# [INFORMATION PROVIDED]
○ ○ ○ ○
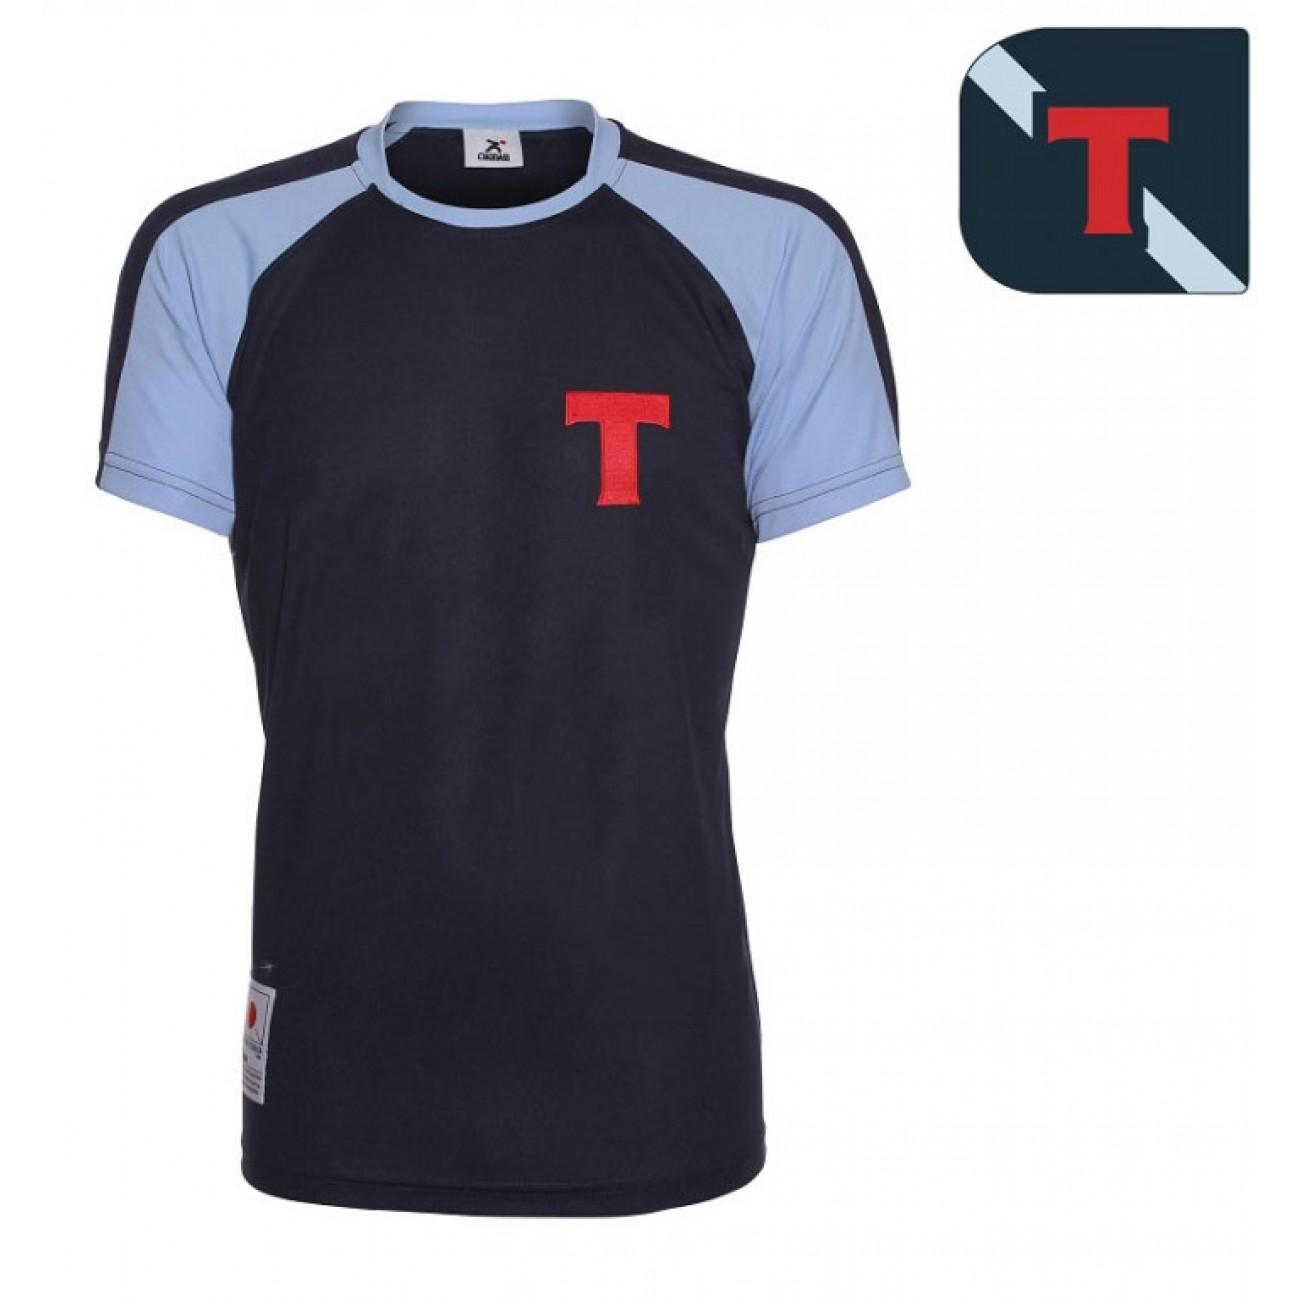 Camiseta Toho Capitan Tsubasa
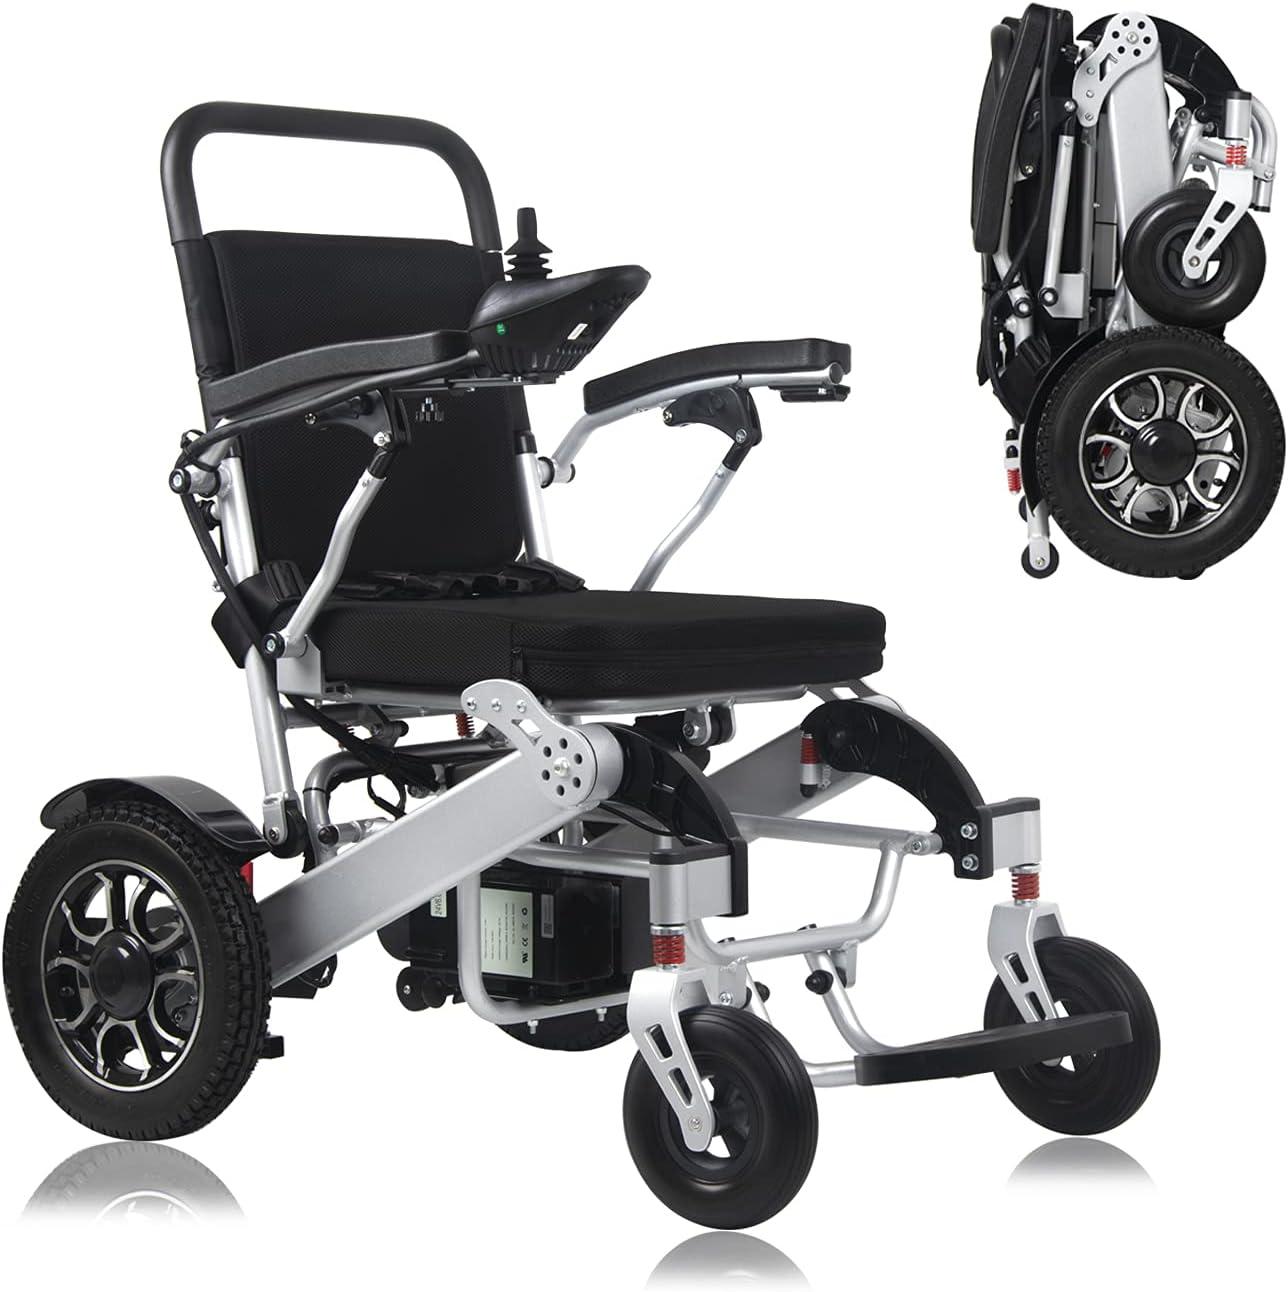 MUJO Silla de ruedas eléctrica plegable y ligera Deluxe Power Mobility Aid con motor dual de 500 W y doble batería
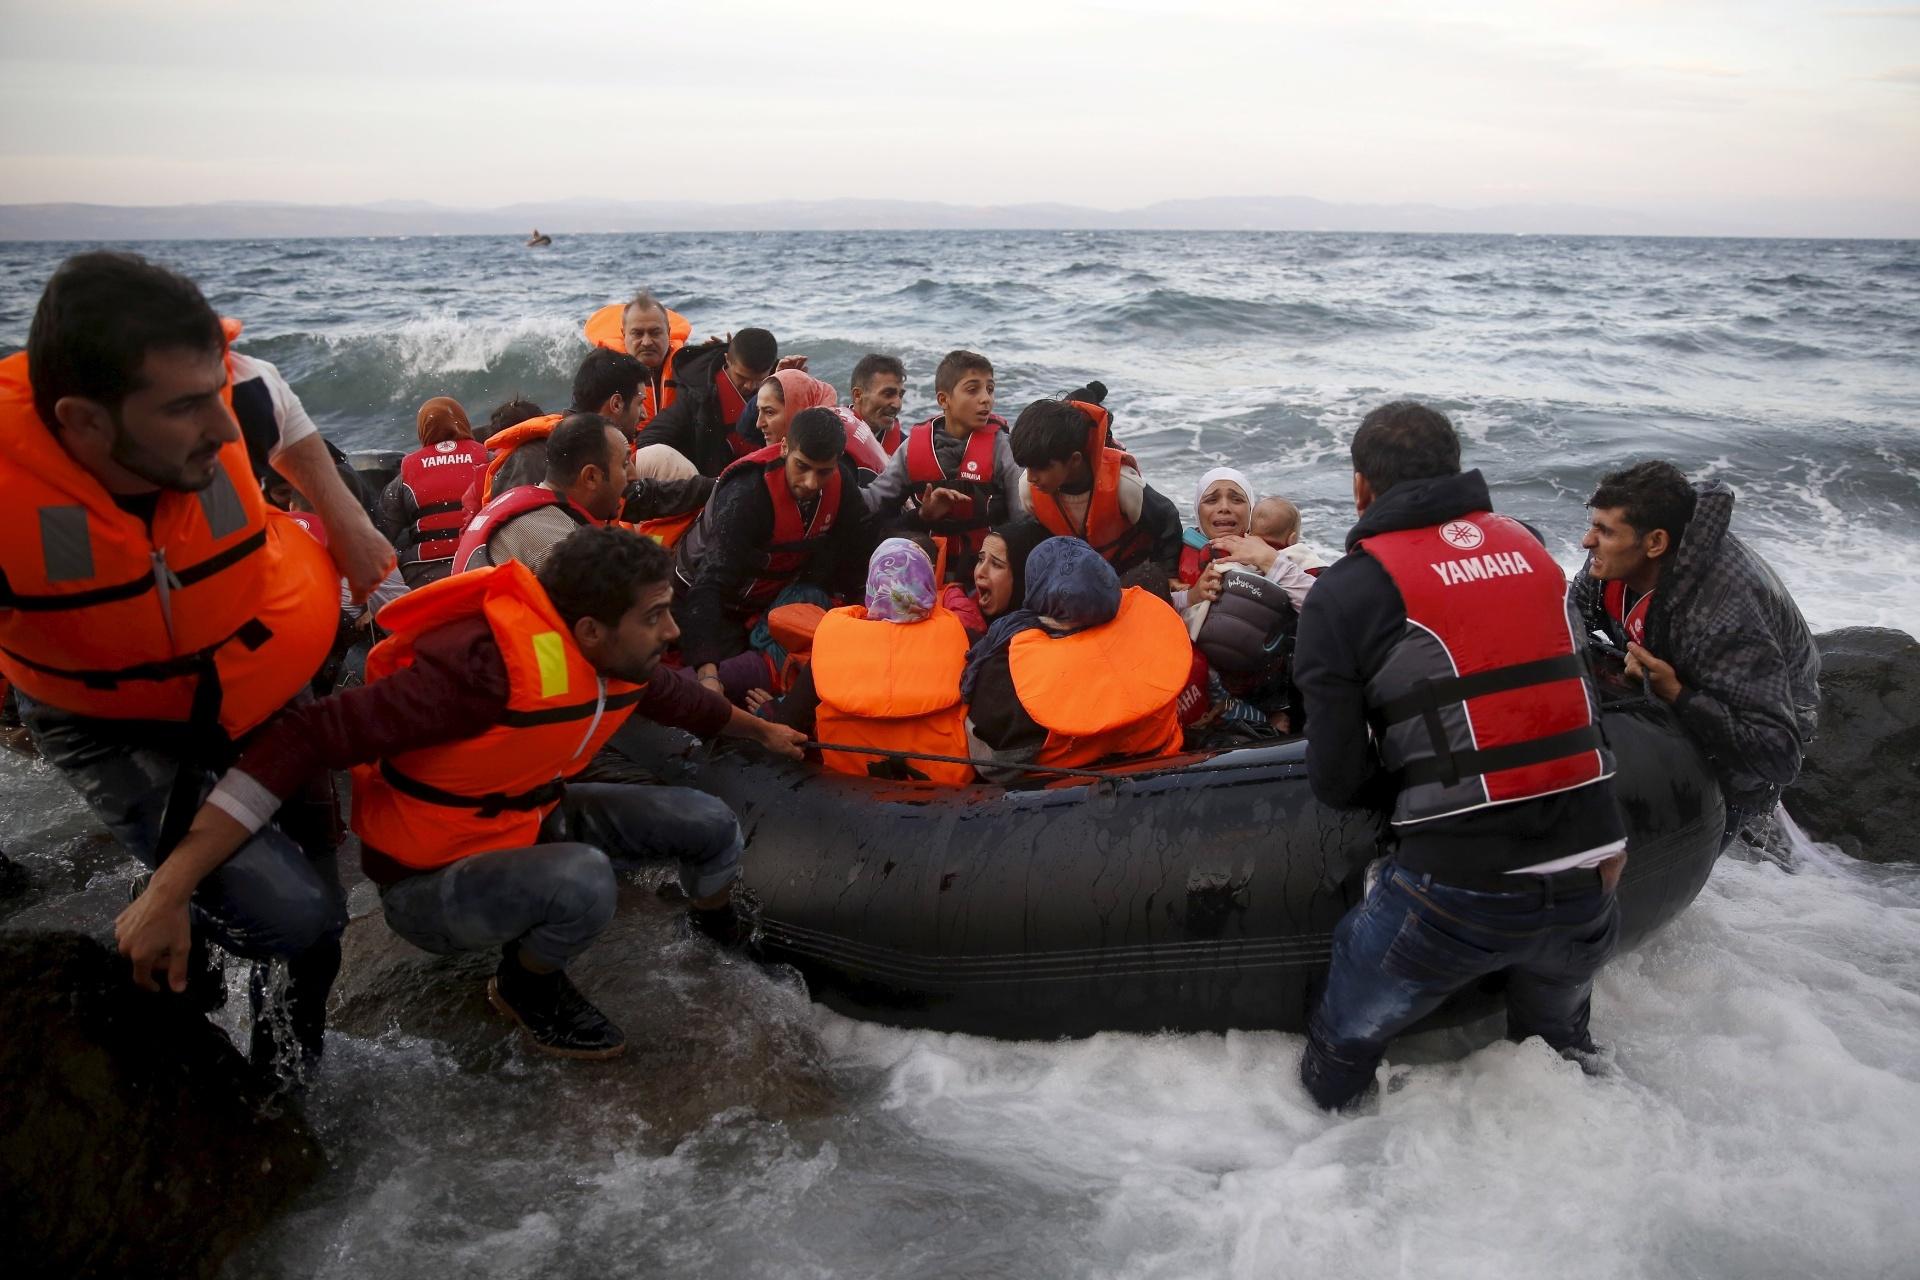 27.out.2015 - Refugiados sírios chegam em uma jangada, no mar agitado, em uma praia na ilha grega de Lesbos. Durante o mês de outubro, a chegada de refugiados e imigrantes através do mar Mediterrâneo à Europa superaram as registradas em qualquer mês anterior, com 179.470, disse nesta terça-feira (27) a Acnur (Agência das Nações Unidas para os Refugiados)
○ ○ ○ ○
# [TASK BRIEF]
Drop the pictures, then reproduce exactly the lines from the one with "MUJO Silla de" through the final line of the listing.

# [RESPONSE AREA]
 MUJO Silla de ruedas eléctrica plegable y ligera Deluxe Power Mobility Aid con motor dual de 500 W y doble batería
 27.out.2015 - Refugiados sírios chegam em uma jangada, no mar agitado, em uma praia na ilha grega de Lesbos. Durante o mês de outubro, a chegada de refugiados e imigrantes através do mar Mediterrâneo à Europa superaram as registradas em qualquer mês anterior, com 179.470, disse nesta terça-feira (27) a Acnur (Agência das Nações Unidas para os Refugiados)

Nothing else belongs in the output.